1.2.1 Multiple instances of Kafka Consumer

Initial investigation showed that the @KafkaListener consumer was processing each message in a single thread and when a large number of messages were piled up in the Kafka topic, single thread was not fast enough to process them all. We decided to deploy multiple instances of the consumer application to make this process faster. Kafka consumers don't poll the Kafka topic itself, but the partitions?in the topic and if we deploy multiple consumers for a Kafka topic?each consumer needs its own set of partitions to poll. That meant we had to increase the number of partitions in the Kafka topic?depending on the number of consumer instances we wanted to deploy, otherwise if we have more consumers than the topic partitions, consumers that are not assigned any partitions would remain idle.

However, increasing number of partitions and the number of instances of the consumer application improved the message processing rate only marginally.

1.2.2 Rollback to Older version

At this point we decided to deploy an older version of the application which we knew had worked earlier. Rolled back version also seemed to have trouble during the first thirty minutes after the deployment, but suddenly started working normally after thirty minutes. It was decided that we keep this version running till we can figure out what recent code change had caused this issue.

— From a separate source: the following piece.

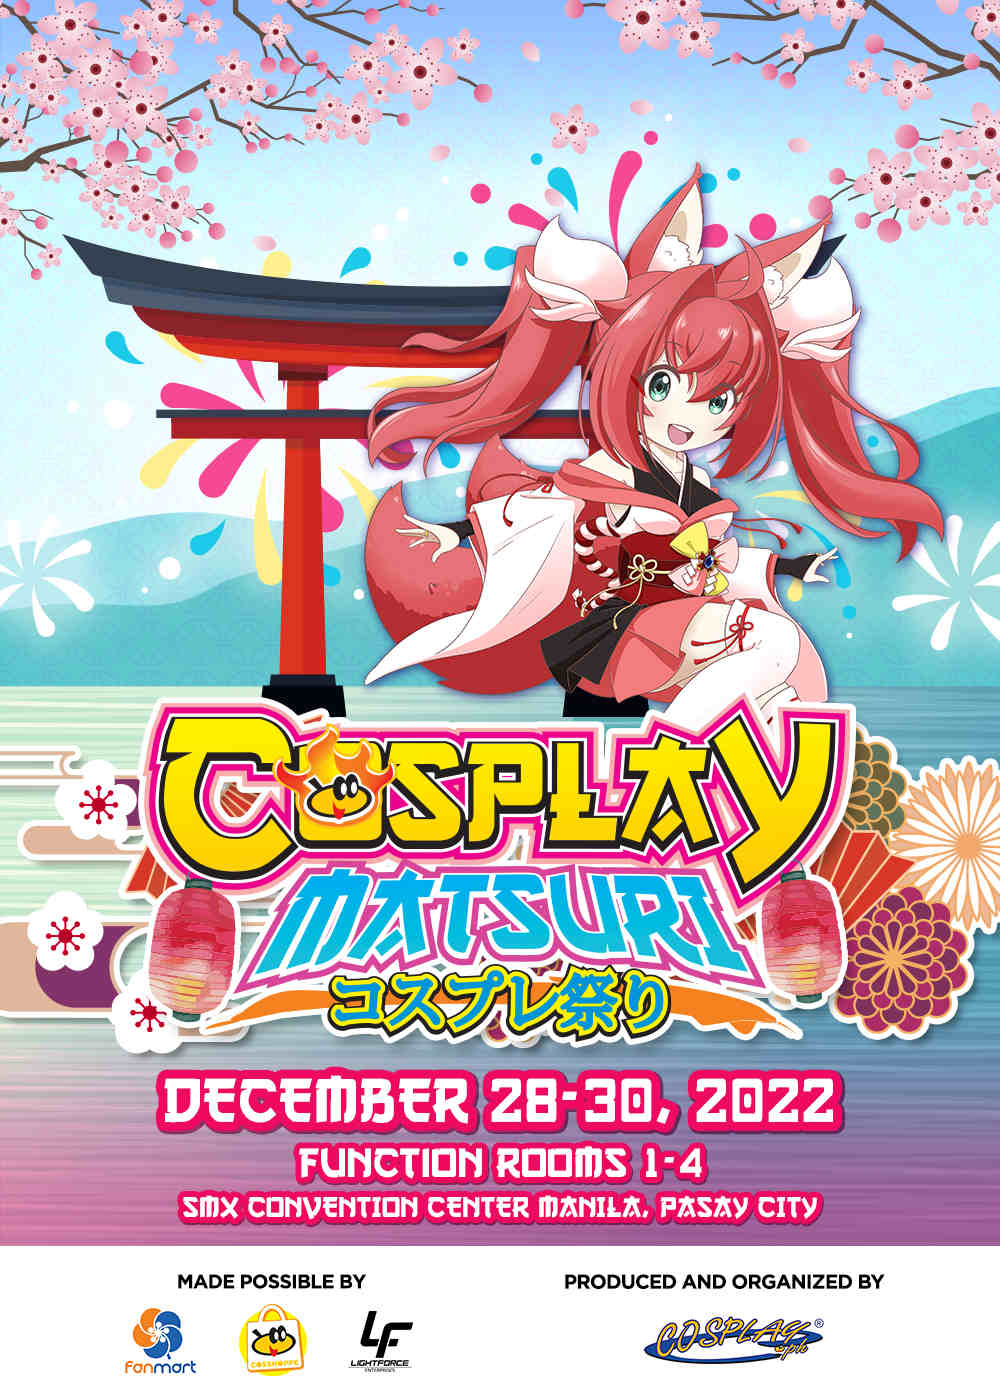 cosplay matsuri 2022 poster

Even the rolled back version started showing same symptoms the very next day. Now we knew that any recent code change couldn't have caused this issue and we had to look else where.

1.3 General Definitions

  • Kafka: A messaging system like RabbitMQ and ActiveMQ.
  • Broker: A server that participates in a Kafka cluster. There can be multiple brokers.
  • Topic: Logical storage of ordered messages. Each topic has a unique name that consumers and producers use. A SQL equivalent would be a Table.
  • Partition: Each topic can have multiple partitions. All consumers of a topic don’t read from all partitions, instead they’re dynamically assigned topics. Partition is uniquely assigned to consumers within a consumer group. Partitions are the units that are replicated in the cluster to protect against data loss.
  • Message: A record in a partition. It’s the data that a producer publishes and a consumer consumes. SQL equivalent would be a row in a table.
  • Message Offset: Message index in a partition. It starts from zero and keeps on increasing without reuse.
  • Producer: Application that publishes message to a topic. Producer assigns a key to the message (generally a UUID) that is used by Kafka to distribute the message among the partitions of topic. Key should be selected to ensure even distribution of messages among partitions.
  • Consumer: Consumers (Kafka client) poll for messages from a Kafka topic. They’re assigned set of partitions dynamically or they can also ask to poll specific partitions. Consumers are part of a consumer group.
  • Consumer Group: A named set of consumers. Consumers within a group divide partitions from the topic they listen to among themselves. Partitions are divided again if a consumer joins or leaves the group.
  • Consumer Group Offset: Partitions store offset of last message read by each group. This is used by Kafka to keep track of read and unread messages by a group. Only unread messages are returned by Kafka in order when polled by a consumer in a group. It can be reset manually by running Kafka commands.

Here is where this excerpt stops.